There seems to be plenty of these about for cheap on e bay for your dog, cat or reptile. Thermostatically controlled and all.
Anybody here use them? 
The only problem I can see is holding 25L of wort at the correct temperature takes a lot more oomph than keeping a sleeping dog or lizard comfy.
Unless you own a particularly large, fat cold dog or Komodo dragon that is.

http://www.ebay.com.au/itm/Warm-Warmer-Hea...=item1e6773fd69


----------



## drsmurto (30/10/12)

I use an cheaper version in my fermenting fridge - Link. Plugged in to a STC-1000, probe taped to the fermenter in the pic below.

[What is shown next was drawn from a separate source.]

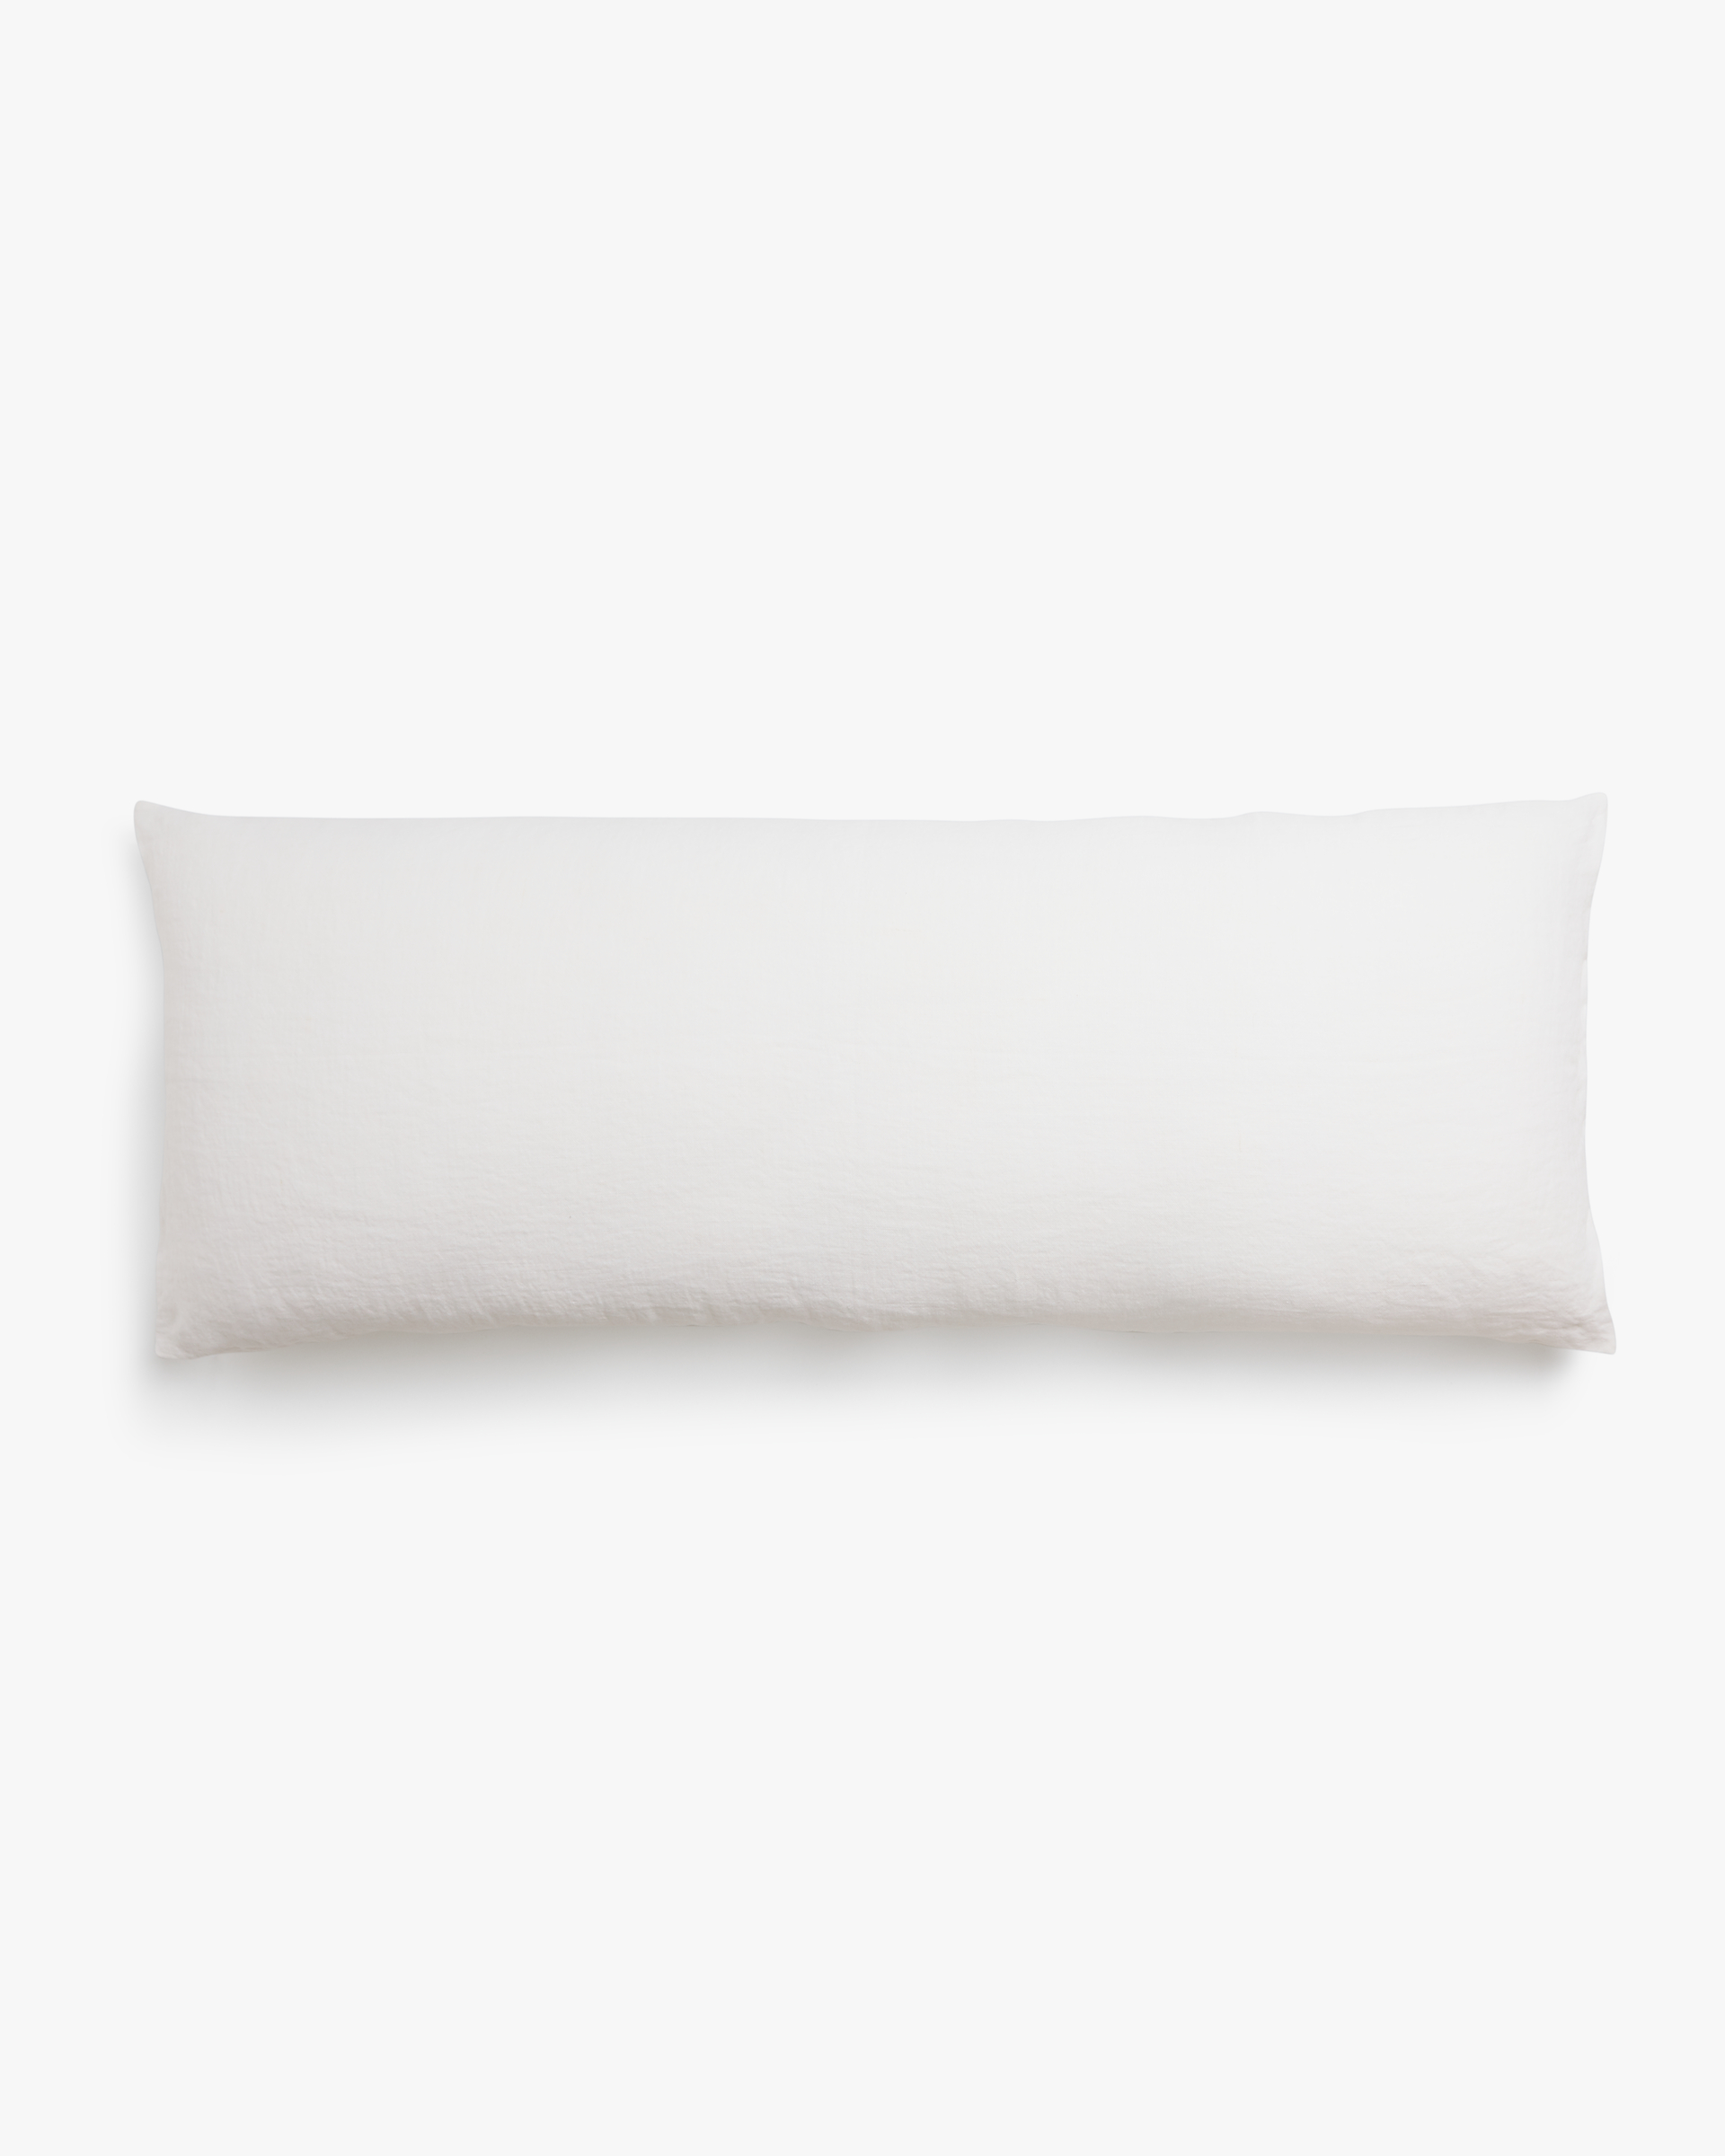 Vintage Linen Body Pillow Cover | Parachute

It keeps ales ticking along at 20C in the depths on a chilly Adelaide Hills winter out in the shed.


----------



## tricache (30/10/12)

Just be careful with the cheap china ones on eBay...I have had some with dodgy wiring and short things out or just get superhot on weird places ect


----------



## wakkatoo (30/10/12)

I've got a reptile heating pad, a little smaller than Dr Smurto's. Works well. I bought mine from a pet shop so paid a little more than I would have on ebay.

edit: my fermenting fridge only holds 1 fermenter so the smaller heat pad is heating a smaller volume. I would look at getting a bigger heat pad if the fridge itself was larger.


----------



## DU99 (30/10/12)

some like this could be the go


----------



## Rod (30/10/12)

Aldi have a dog mat 

about 30 by 50

I use it to keep my feet warm in the caravan

comes on special every so often 

would use a brewmate to set and keep temperature 

http://www.mashmaster.com.au/p/1139100/bre...controller.html


----------



## mxd (30/10/12)

I use a reptile heat cord, and wrap the cord all around the fridge walls

http://www.ebay.com.au/itm/REPTILE-Heat-Co...=1#ht_500wt_969


----------



## Dave70 (1/11/12)

In the end I decided to go with a cheap plastic container from Bunnings, and a mid range 125w fish tank heater so I could have more precise control. 
Set it on 24 and that's what we've got. Amazing eh?

While we're at it, does anybody reckon that's about right for a 3711 you want to finish fruity and dry? 
I'll be bottling this batch also, so they'll have a little time under their caps before guzzling.


----------